Atlanta Journal Constitution July 30, 2006
Building Iraqis' trust a difficult mission
Progress in Iraqi town fades since Georgia Guard unit headed home
By Moni Basu, Ron Martz
Soon after Doraville's police chief, Lt. Col. John King, arrived with his soldiers in Iraq's treacherous Triangle of Death last summer, they set about the civilian task of nation-building.
Within months, the Georgia Army National Guard's 48th Brigade Combat Team began earning trust from the residents in Mahmudiyah, a small, rural town 45 minutes south of Baghdad that had become notorious for insurgent attacks and criminal activity.
The citizen soldiers knew that the key to their success would be their ability to nurture relationships with the Iraqi people.
"They were telling us where the bad guys were, where the IEDs [improvised explosive devices, or makeshift bombs] were put in so that we could destroy them instead of hitting them," said Brig.
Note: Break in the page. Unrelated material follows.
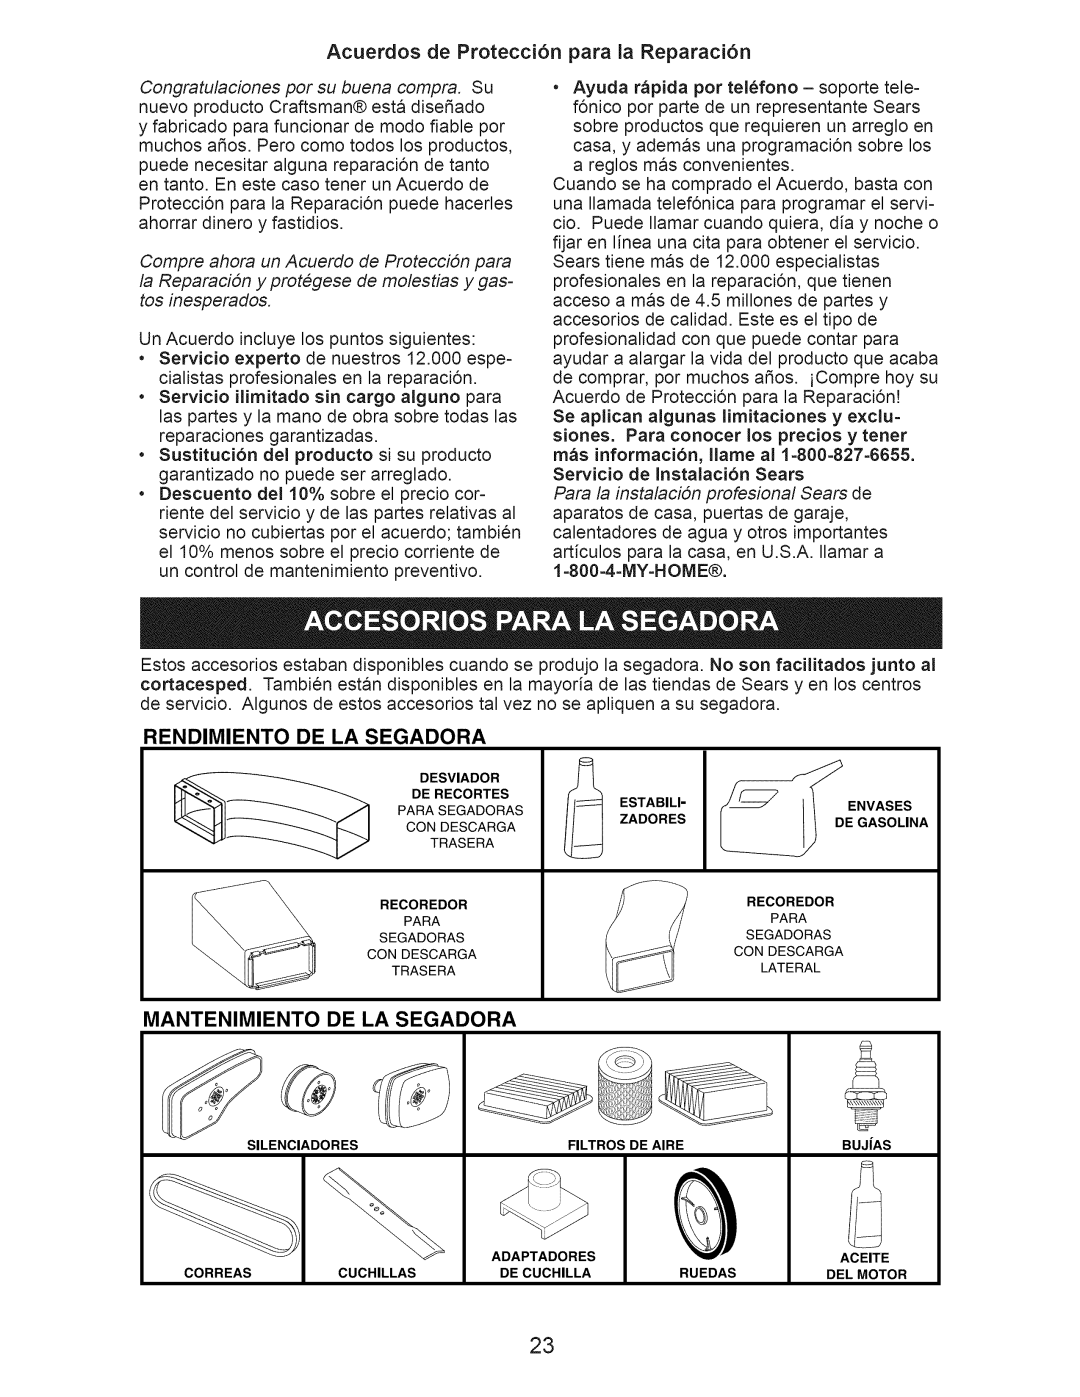 Craftsman 917.376540 manual Acuerdos de Protecci6n para la Reparaci6n, Rendimiento, De La Segadora, Mantenimiento

Gen. Stewart Rodeheaver, commander of the 48th Brigade.
But, after just five months on the job, the Army replaced the Georgians in Mahmudiyah and southwest Baghdad.
Brigade officers found themselves handing over control to the 101st Airborne Division, the storied regular Army unit out of Fort Campbell, Ky., that has a well-respected history dating back to the beaches of Normandy.
What happened after the 101st Airborne units moved in, however, has raised questions among military analysts about what type of combat unit is best suited for Iraq.
The 48th Brigade's 1st Battalion of the 108th Armor Regiment, a unit that had roughly 800 soldiers, suffered six deaths in the Mahmudiyah area — three of them from non-combat vehicle accidents. By comparison, the two 101st battalions of about 1,400 soldiers patrolling the same area have been hit hard, losing 35 soldiers in eight months.
Additionally, U.S. military officials have opened investigations into two incidents involving 101st Airborne soldiers and the deaths of Iraqi civilians, one of them in the Mahmudiyah area.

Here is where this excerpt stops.